We follow the advice of the reviewer and additionally provide the 1H NMR spectra of Boc-Gly4-OH and Boc-Gly-Gly-EDA-Gly-Gly-Boc in the supplementary materials. We did not run 13C or 2D NMR spectra in this case since the number of protons of each group corresponded to the calculated number, and the obtained mass spectrometry data confirmed the molecular weight of compounds, but we will consider these methods in our other publications.

1. Table 1 – it is a bit difficult to identify resins A to F from how they are described in the text – please list them in a more clear way.

We follow the advice of the reviewer and restructured the text in L123-126

2. Scheme 1 is hard to read – please improve the quality, if possible.

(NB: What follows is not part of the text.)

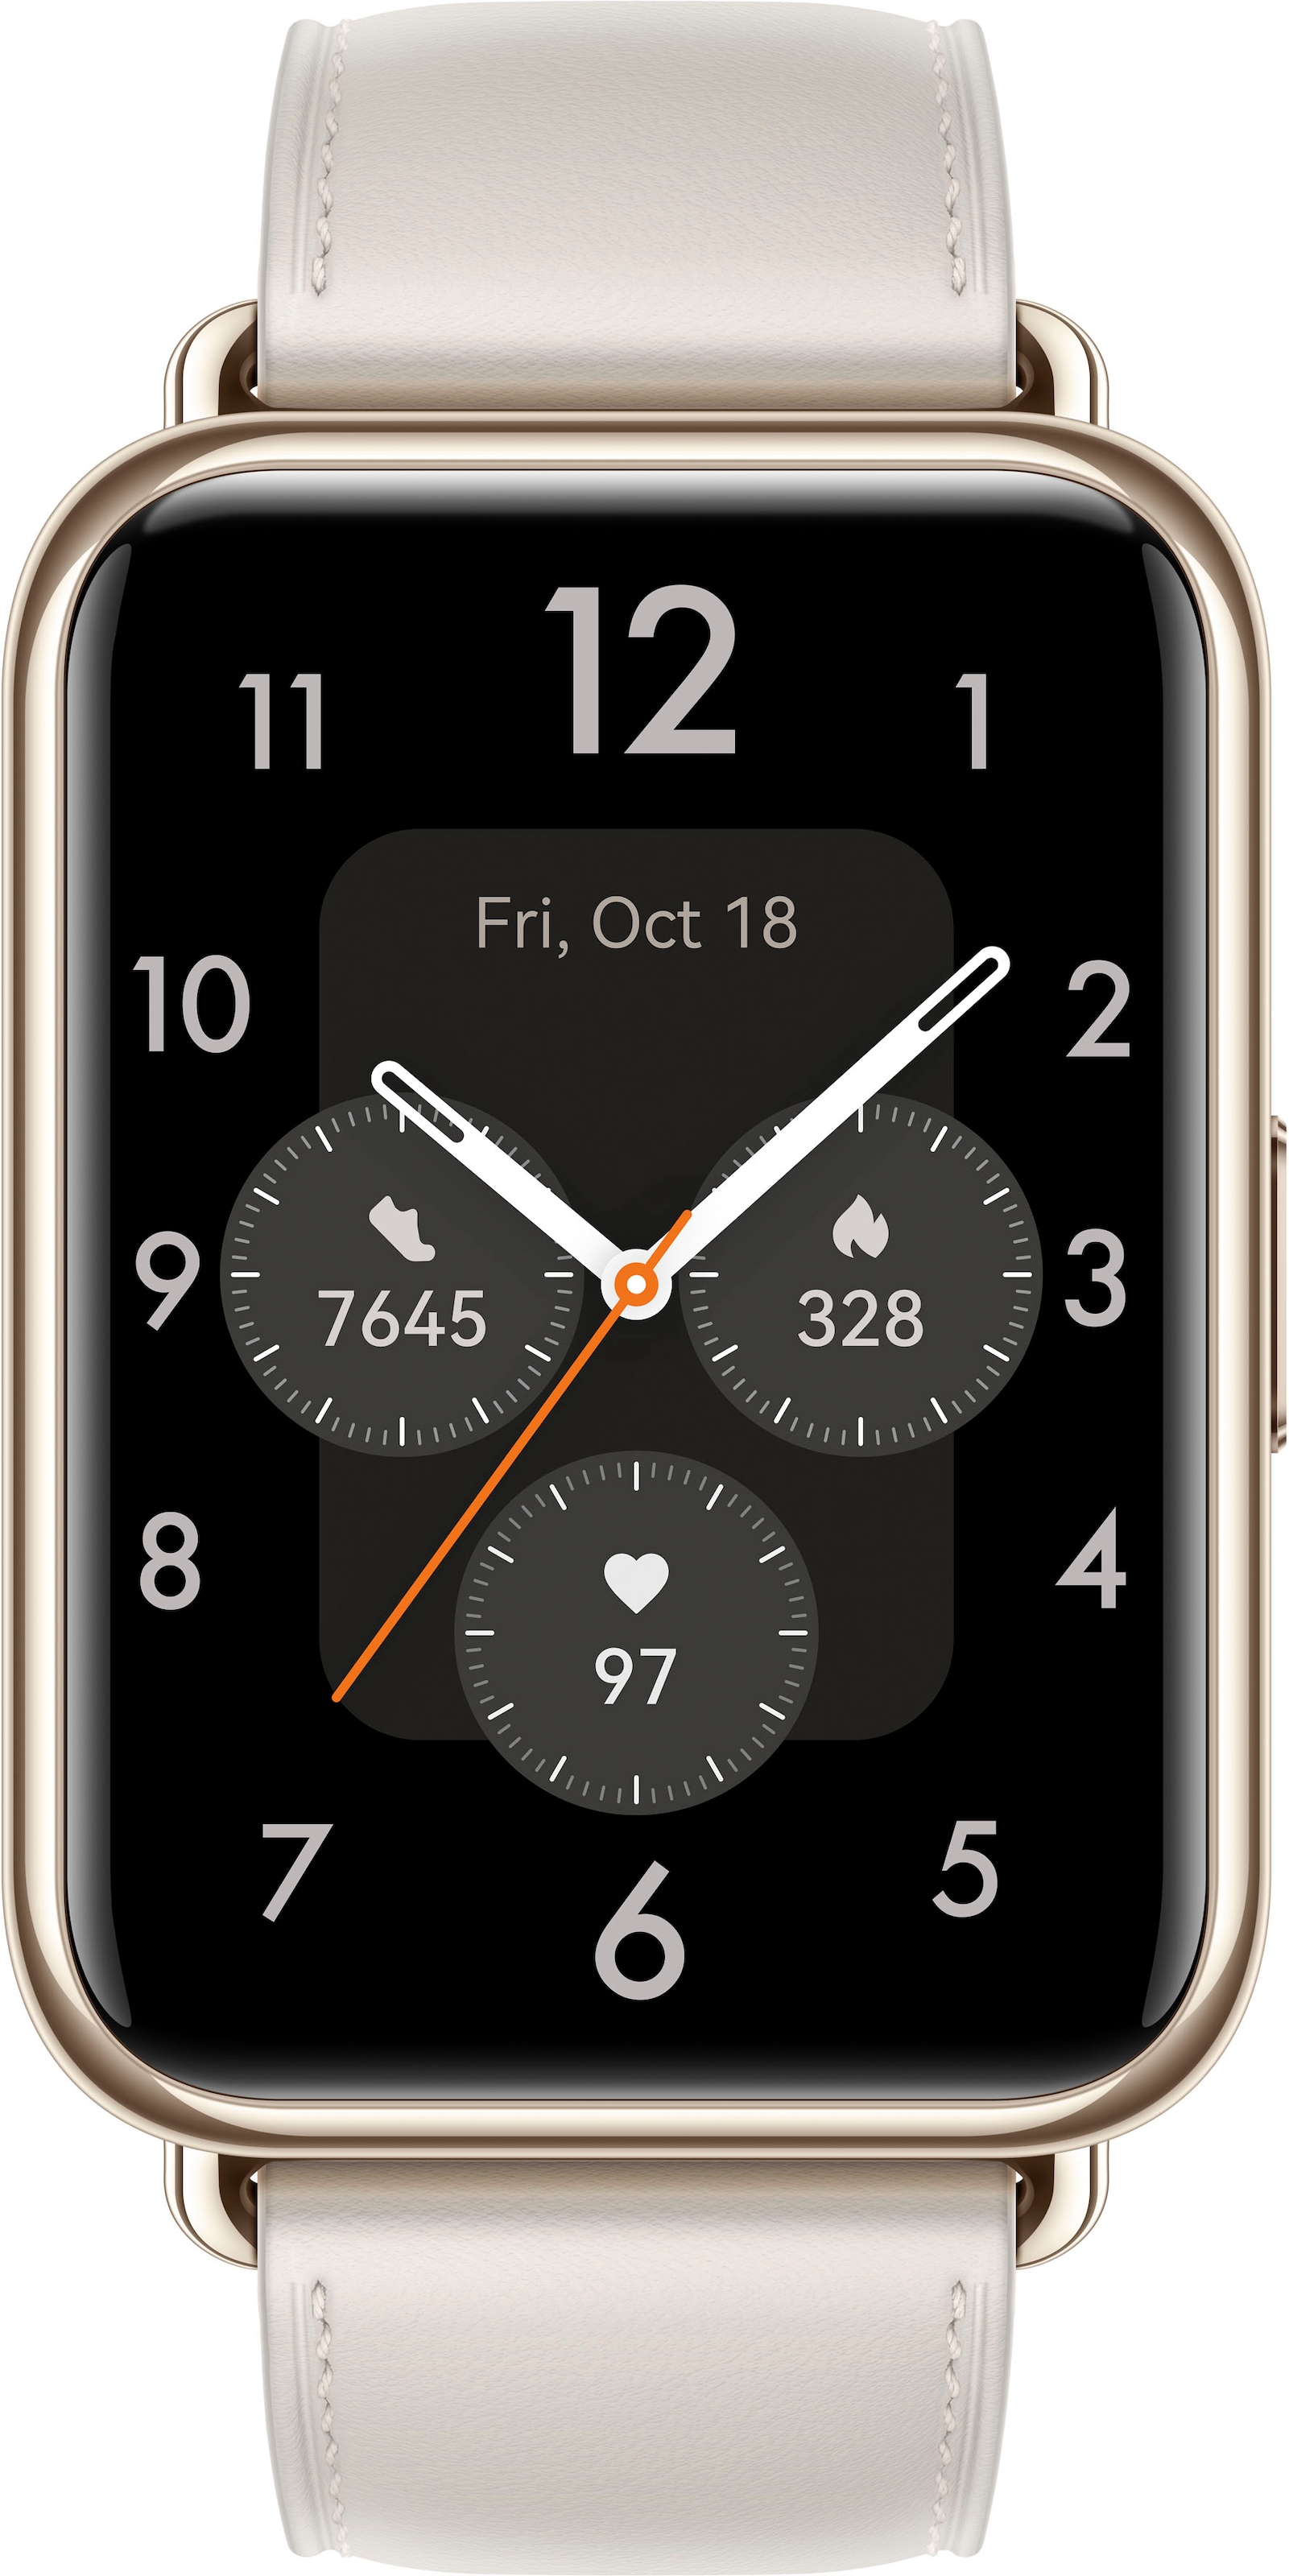 Huawei Smartwatch »Watch Fit im Herstellergarantie) Jahre (3 2«, Online-Shop bestellen
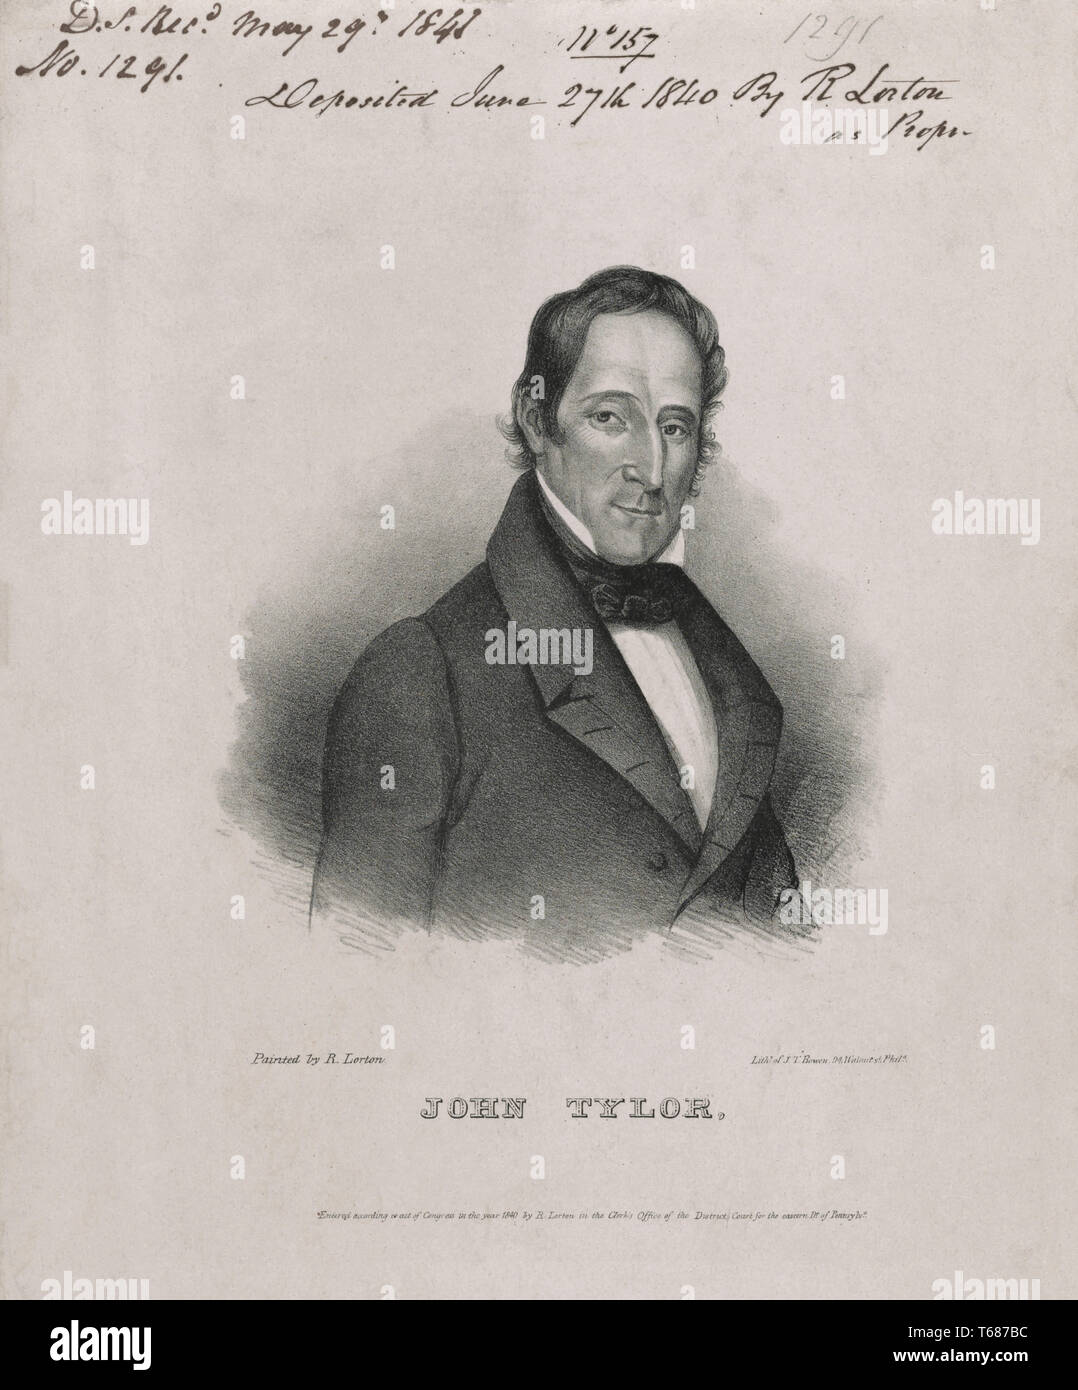 John Tyler (1790-1862), 10e président des États-Unis, la tête et épaules Portrait, lithographie de John T. Bowen à un tableau de R. Lorton, 1840 Banque D'Images

We follow the advice of the reviewer. The Scheme 1 now is present as a high resolution image.

In my opinion it would be an asset to explain the advantages of the methodology presented in this manuscript compared to the previously reported resins.

We follow the advice of the reviewer and included a new paragraph in which we argue in favor of proposed method (L171-196).

Round 2

Reviewer 1 Report

Comments and Suggestions for Authors

Thank you for addressing the comments and concerns. I appreciate that my questions have been answered and properly added to the paper.